Agronomy and Horticulture Department





Date of this Version



Genes | Genomes | Genetics Volume 9


Copyright © 2019 Happ et al.

Open access


Obtaining genome-wide genotype information for millions of SNPs in soybean [Glycine max (L.) Merr.] often involves completely resequencing a line at 5X or greater coverage. Currently, hundreds of soybean lines have been resequenced at high depth levels with their data deposited in the NCBI Short Read Archive. This publicly available dataset may be leveraged as an imputation reference panel in combination with skim (low coverage) sequencing of new soybean genotypes to economically obtain high-density SNP information. Ninety-nine soybean lines resequenced at an average of 17.1X were used to generate a reference panel, with over 10 million SNPs called using GATK’s Haplotype Caller tool.

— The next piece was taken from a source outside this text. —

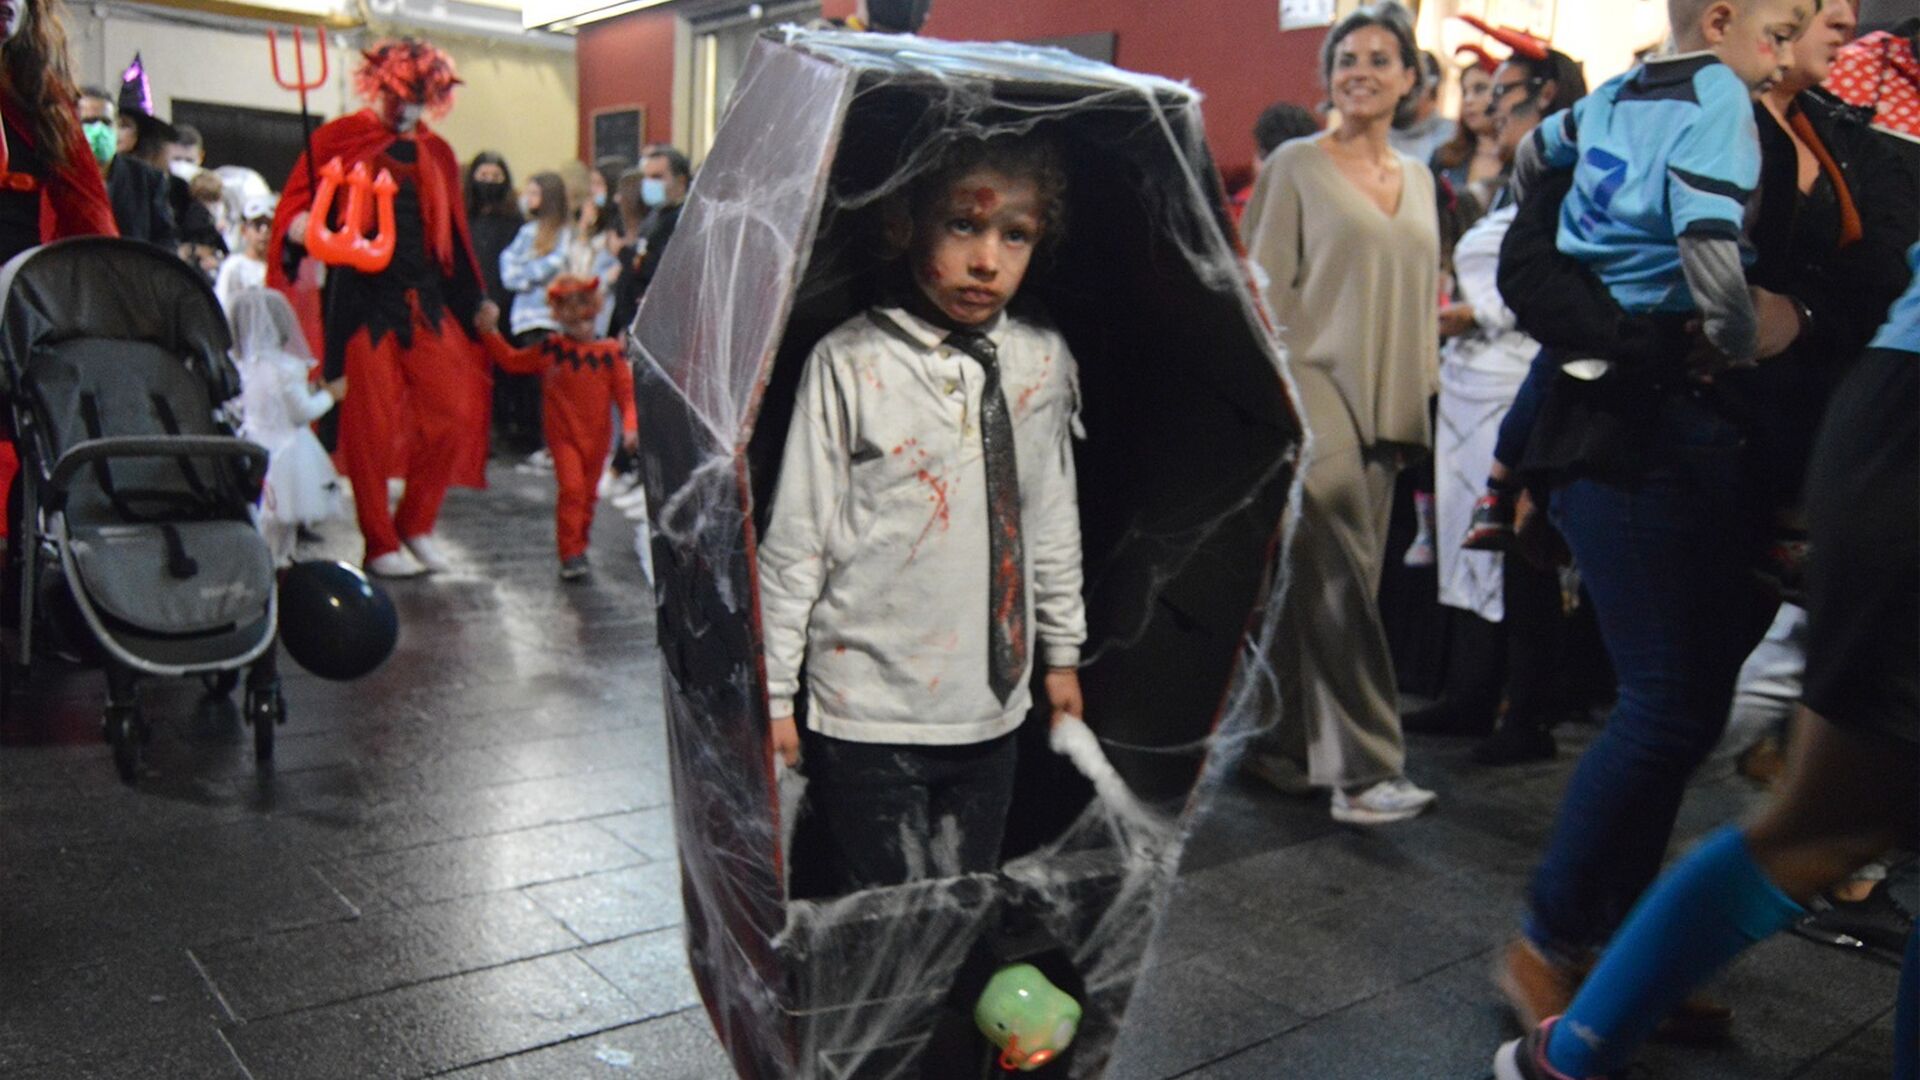 Im&aacute;genes de Halloween en El Puerto
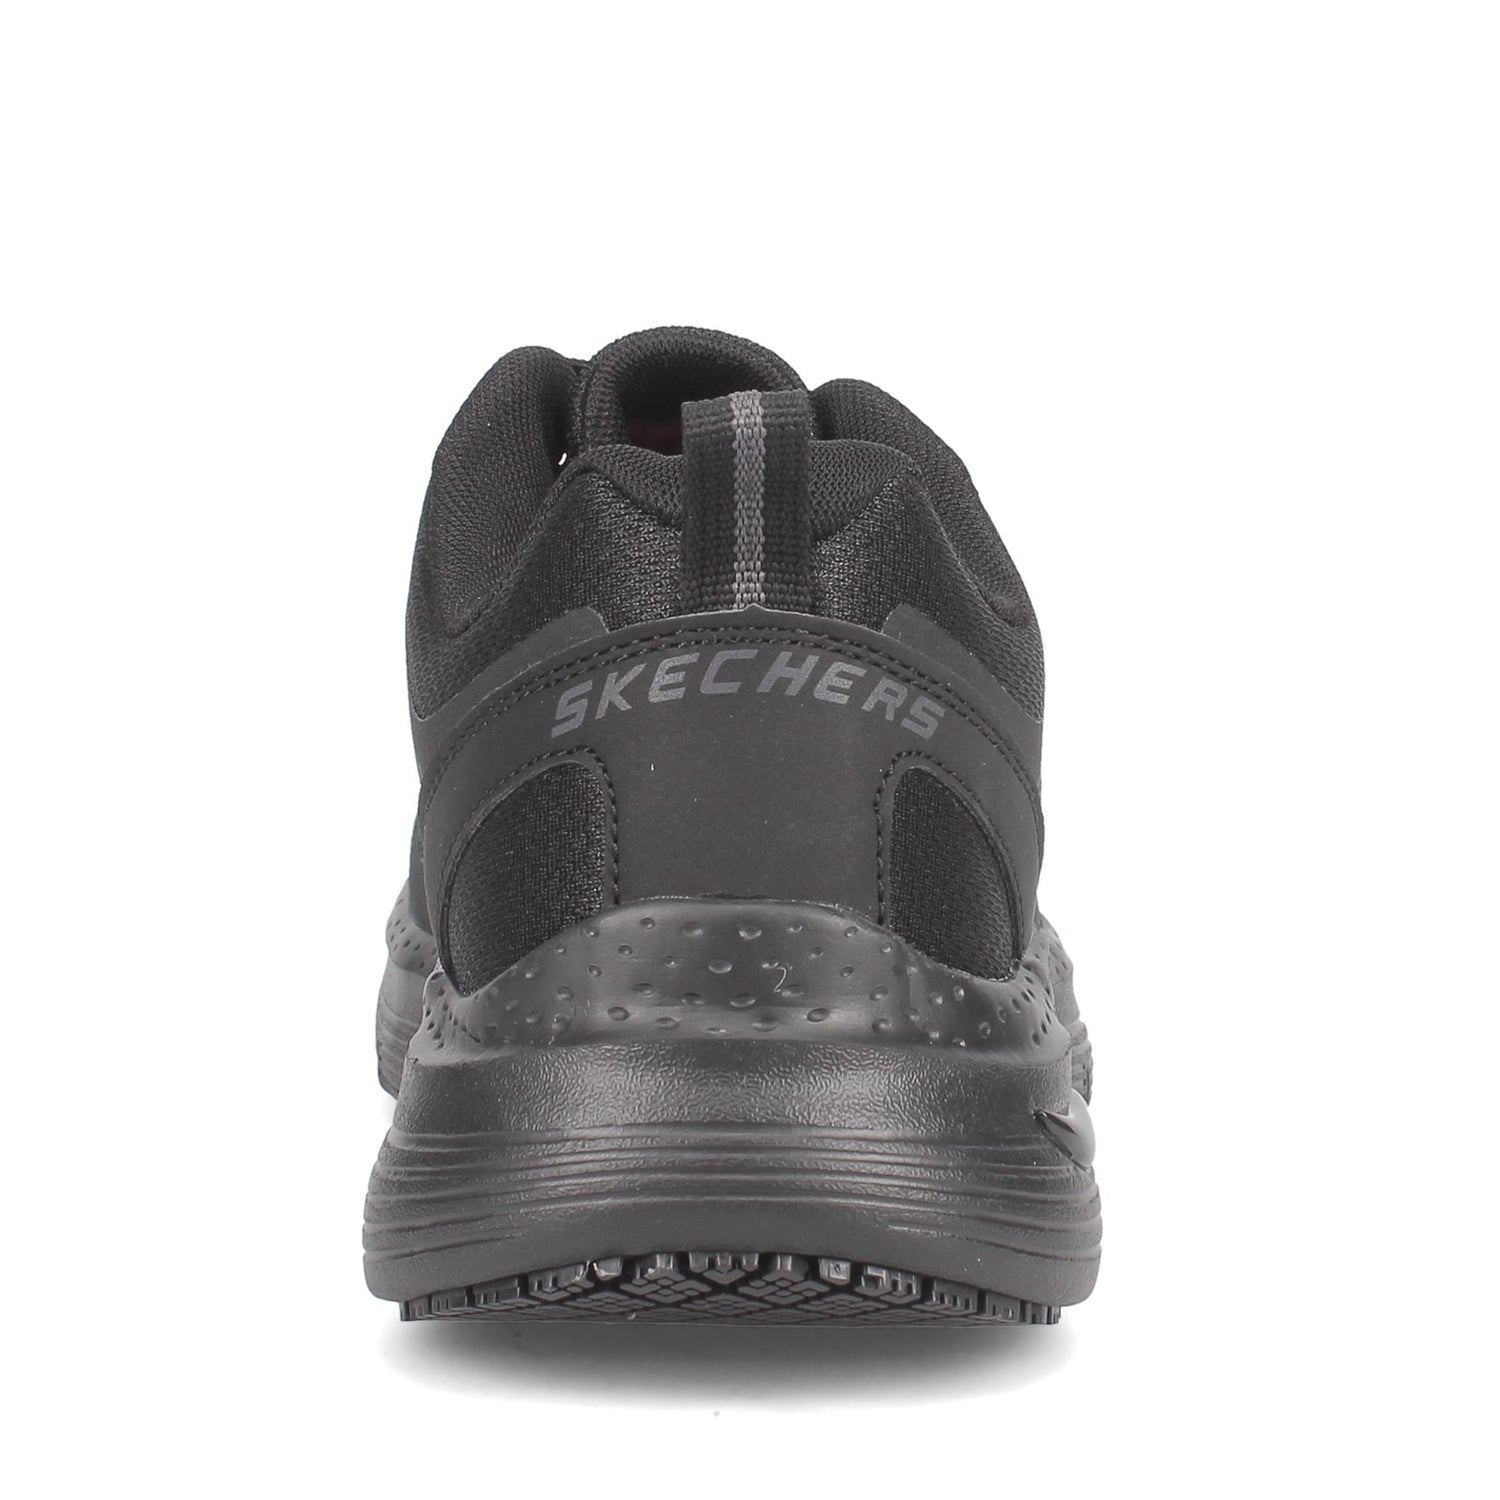 Peltz Shoes  Men's Skechers Arch Fit SR - Axtell Work Shoe Black 200025-BLK

Whole genome resequencing at approximately 1X depth was performed on 114 previously ungenotyped experimental soybean lines. Coverages down to 0.1X were analyzed by randomly subsetting raw reads from the original 1X sequence data. SNPs discovered in the reference panel were genotyped in the experimental lines after aligning to the soybean reference genome, and missing markers imputed using Beagle 4.1. Sequencing depth of the experimental lines could be reduced to 0.3X while still retaining an accuracy of 97.8%. Accuracy was inversely related to minor allele frequency, and highly correlated with marker linkage disequilibrium. The high accuracy of skim sequencing combined with imputation provides a low cost method for obtaining dense genotypic information that can be used for various genomics applications in soybean.